Partners who tell you how to speak, feel, dress and interact with other people do not like you. They do not respect you. They do not care about your happiness or wellbeing.
"But when it's good, it's good—"
It's oftentimes not actually good. You just have someone paying you attention. That's all. Humans need attention and it's very easy to trick oneself into believing attention = quality social interaction. (This is not always true, but these people also will often mirror your interests and personality.) And even if it IS good:
When they start controlling how you behave and express yourself, that is the truest and MOST VALUABLE expression of how they really feel about you. Listen to it!

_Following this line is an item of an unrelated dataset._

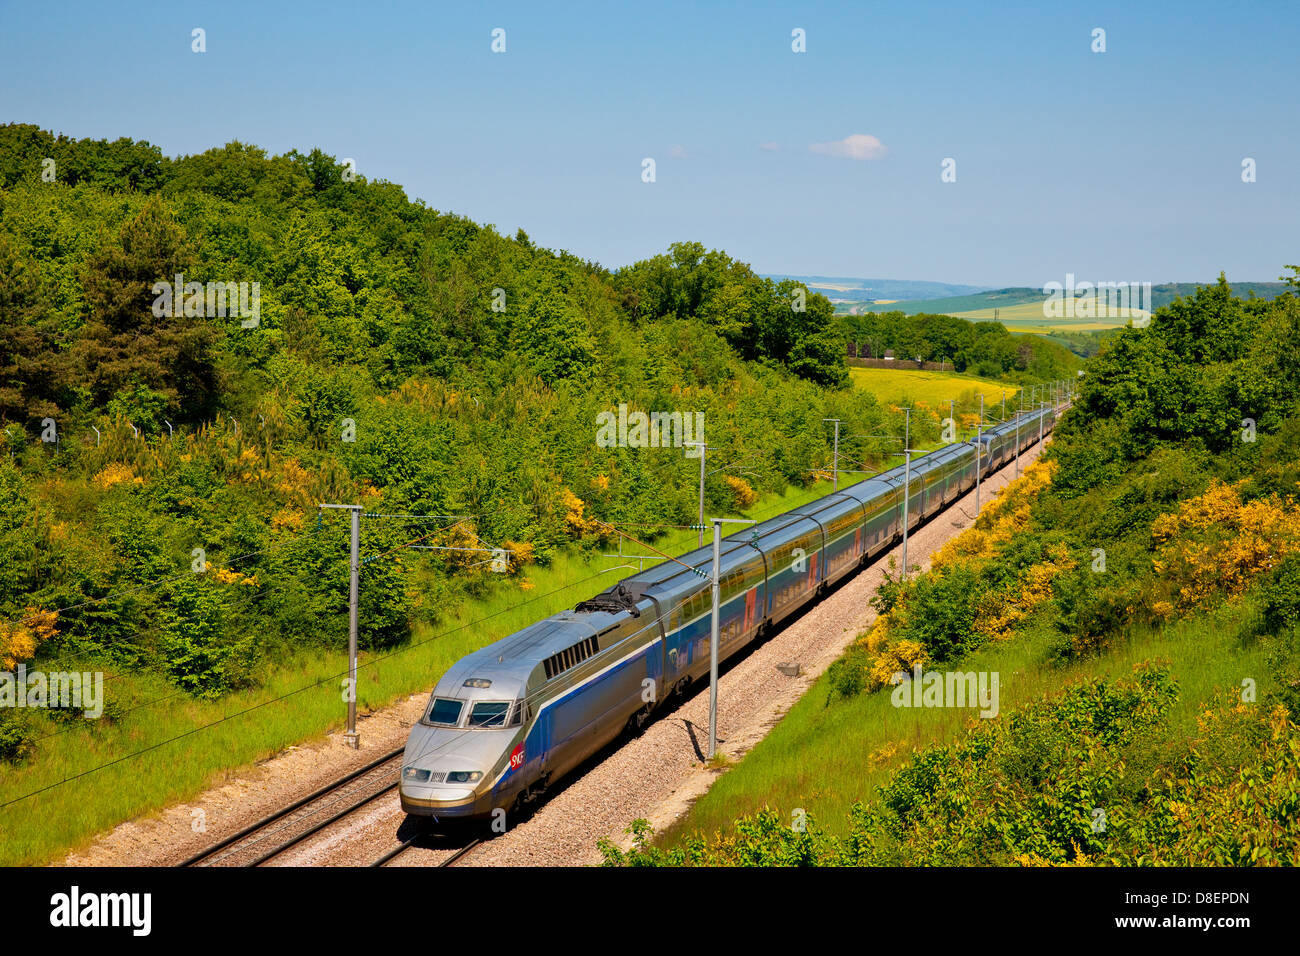 TGV Duplex ( French high-speed rail service ) in the LGV Sud-Est near Sens, France - Stock Image

When a partner starts telling you "don't make dirty jokes", "don't wear that low-cut top", "you aren't allowed to drink or smoke", "don't swear", "don't talk to other men/women/etc", RUN. THE. FUCK. AWAY. No amount of capitulating will turn this into a healthy and valuable relationship.

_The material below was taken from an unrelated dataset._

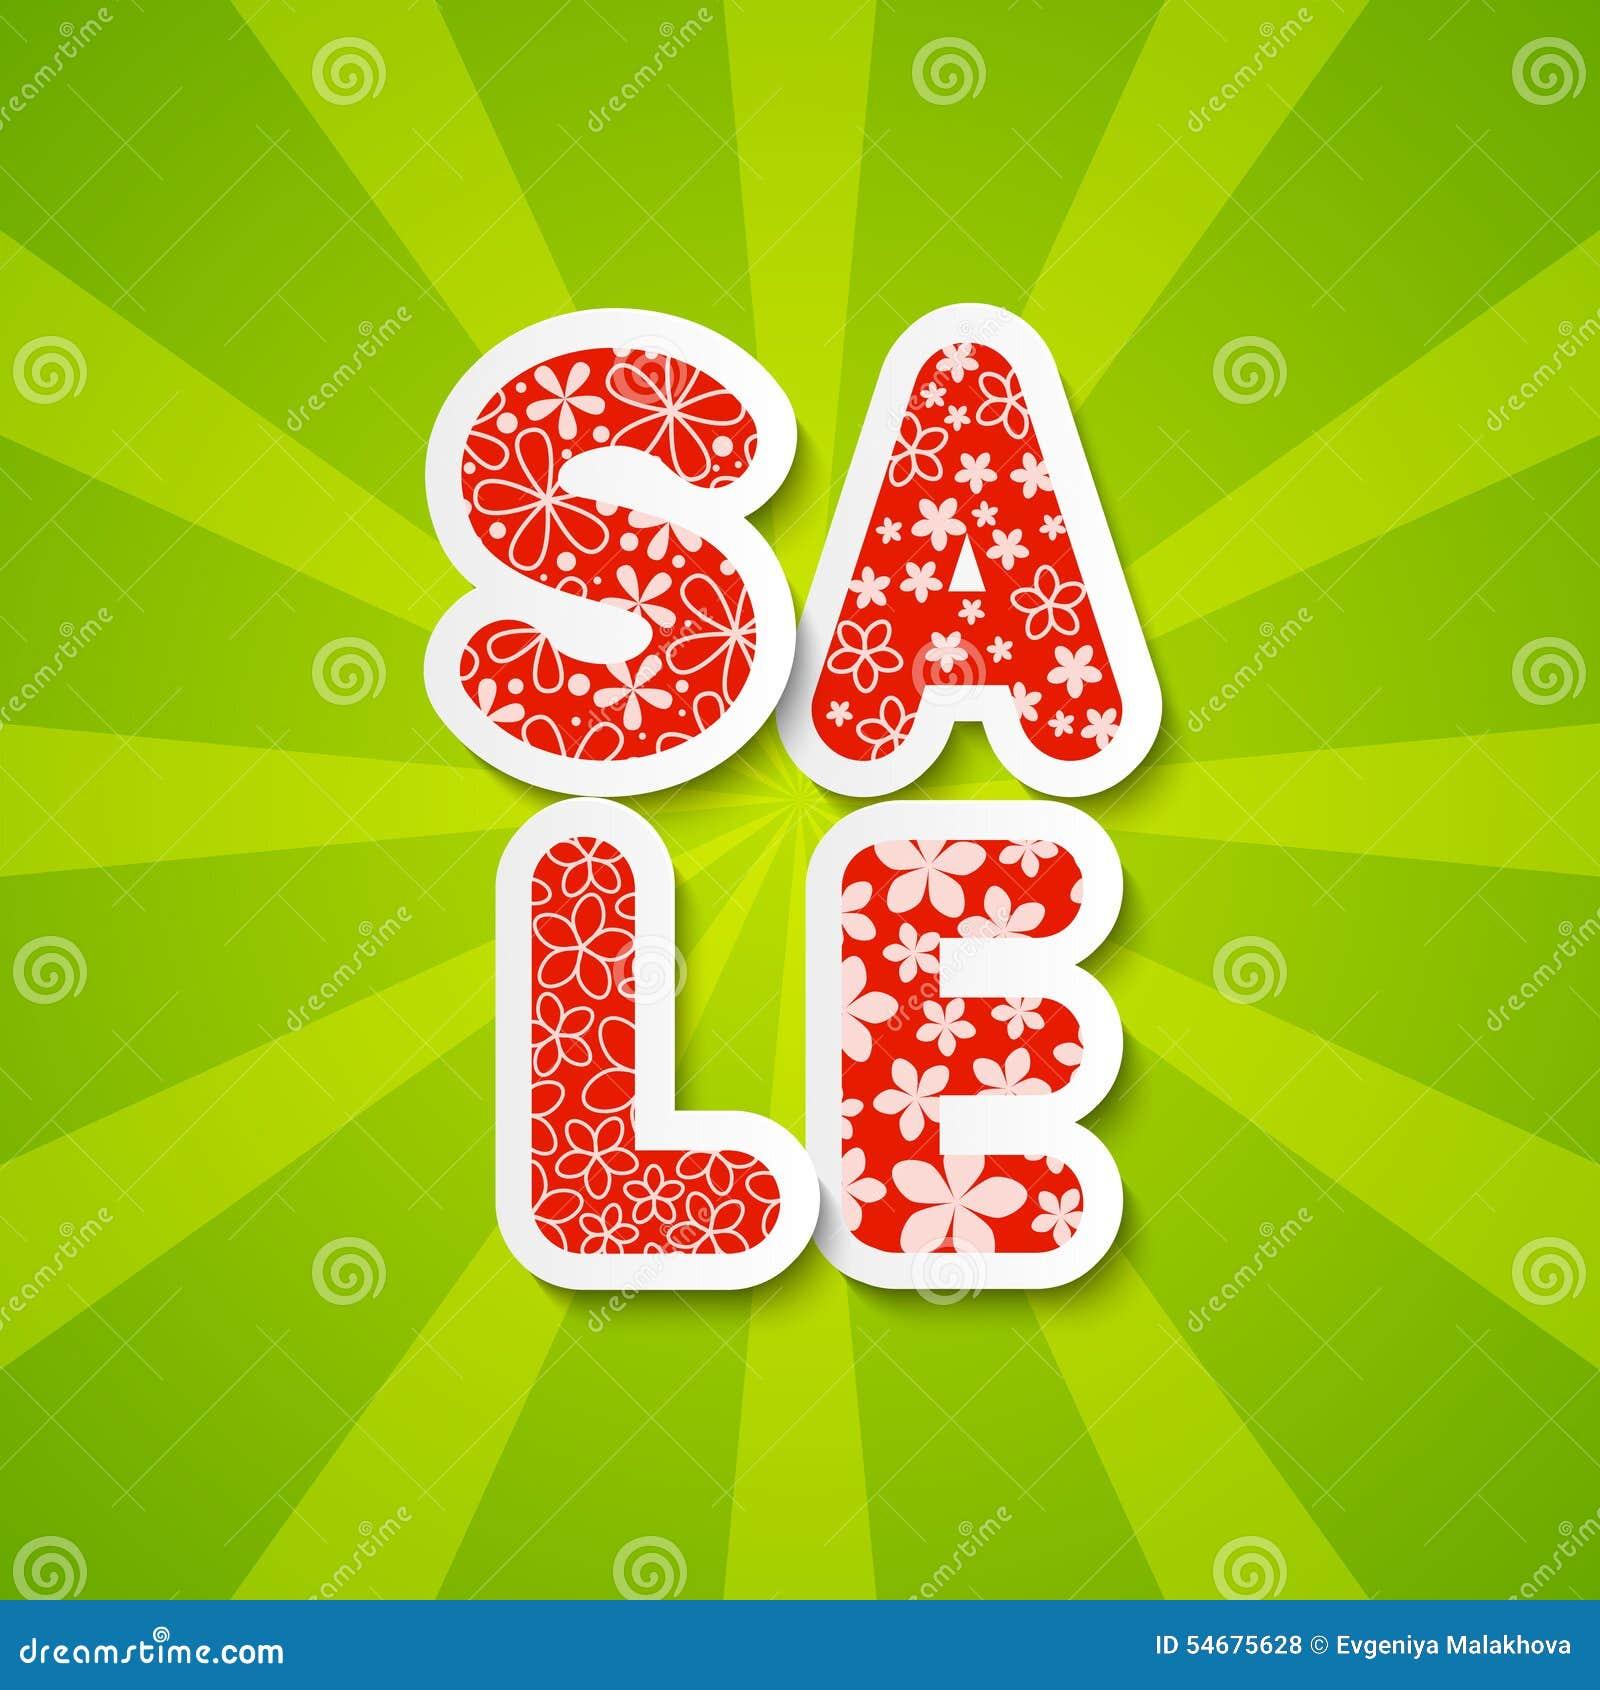 Paper sale

Boundaries in relationships do not control you. Boundaries control how THEY react to YOU. If their "boundary" is that they don't date women who swear or wear low-cut tops or have male friends, it is THEIR responsibility to take THEMSELF out of YOUR dating pool.

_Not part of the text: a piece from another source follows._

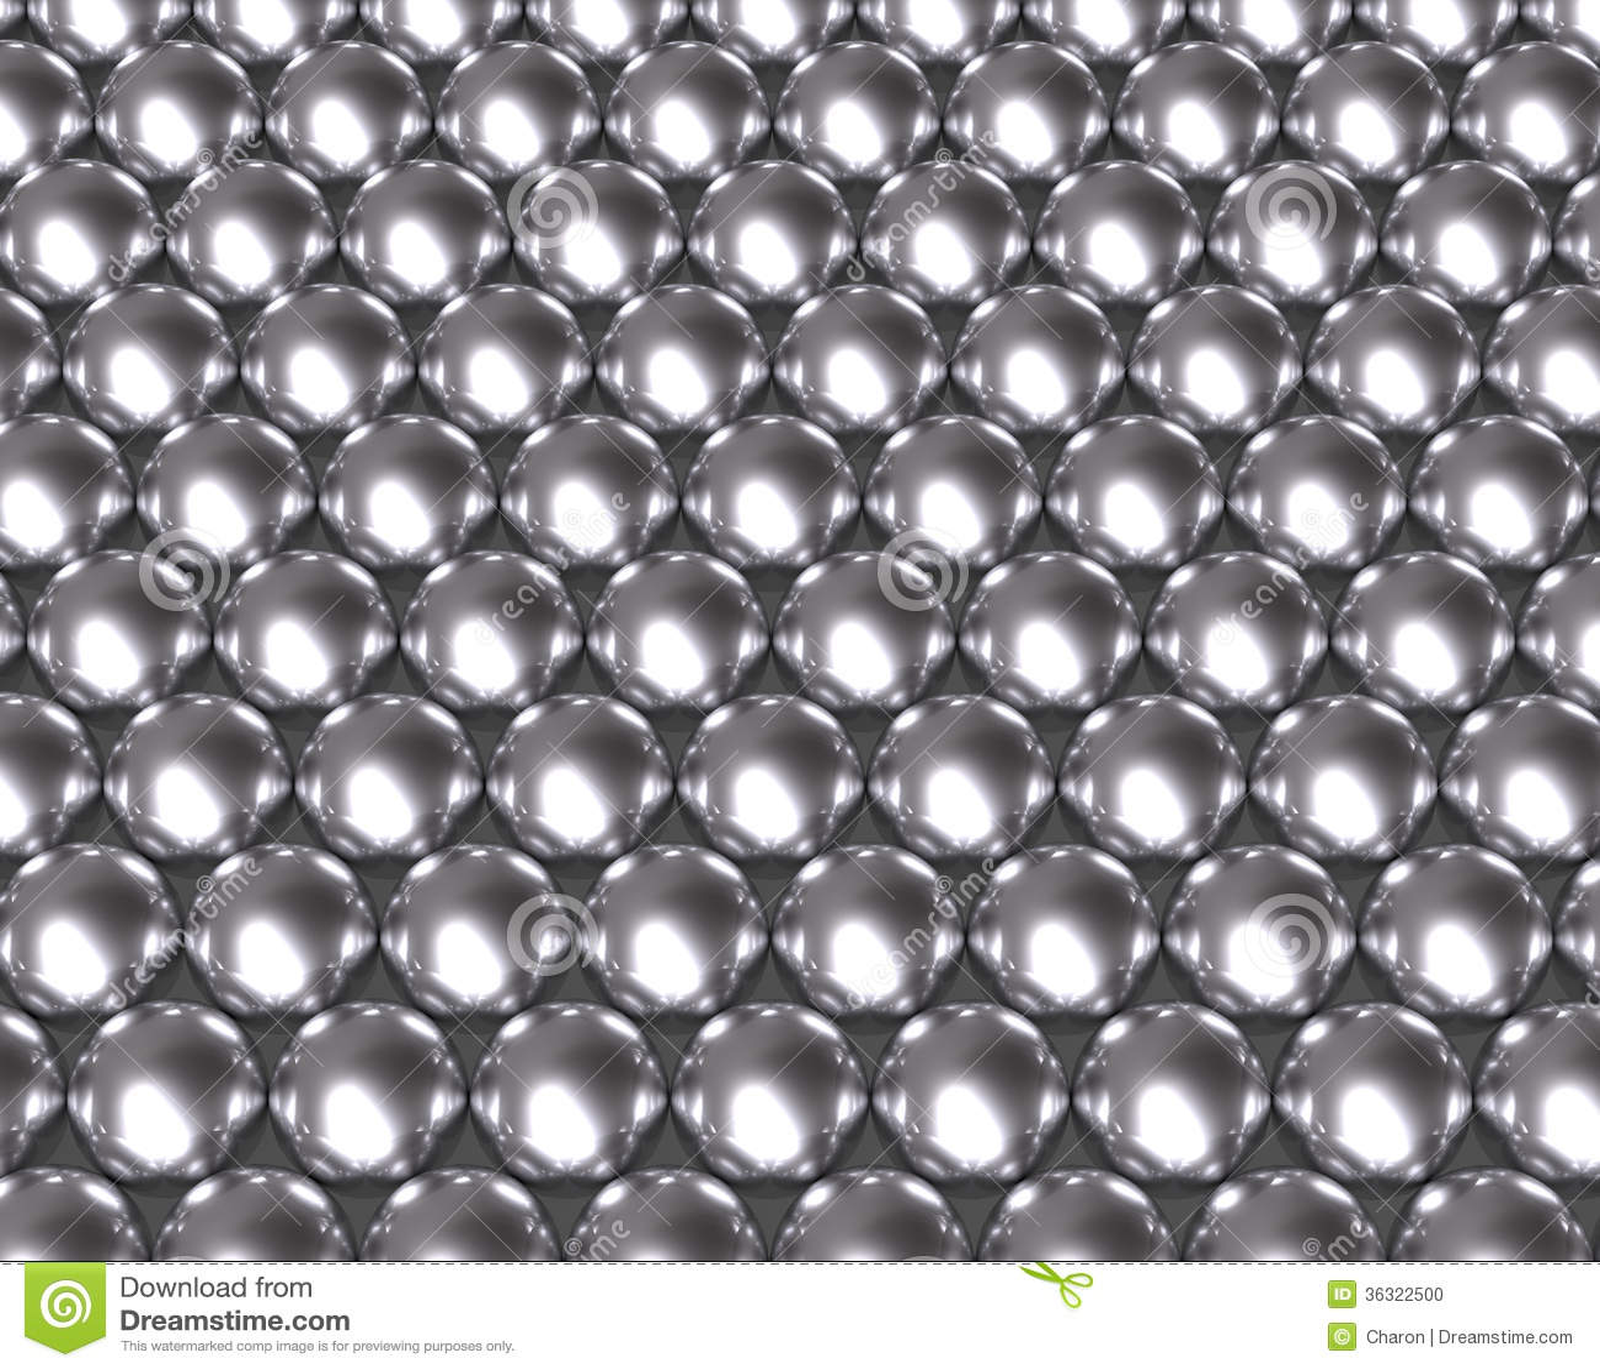 Silver Balls Pattern Reflective Texture Stock Photo

You are not responsible for someone else feeling jealous or insecure. Get out. Talk to a friend. Look up emotional and psychological abuse if you can't talk to someone. If you can, write down the behaviour that is bothering you and apply it to someone else. If this was happening in someone else's relationship, completely removed from your understanding of your partner, would you think it's acceptable behaviour? What would you tell them to do?
We often accept terrible treatment from the people close to us because we feel that we "know" them, thus they cannot possibly be capable of knowingly or unknowingly hurting us. We ascribe abuse to dark figures who will be easily clocked as soon as they enter your sphere. This isn't true in the slightest. We are all capable of perpetuating abusive behaviour, knowingly and unknowingly.
I think people get too stuck on the fact that "my partner doesn't actually want to hurt me, therefore it isn't abuse". It doesn't matter what they WANT. It matters what they are DOING.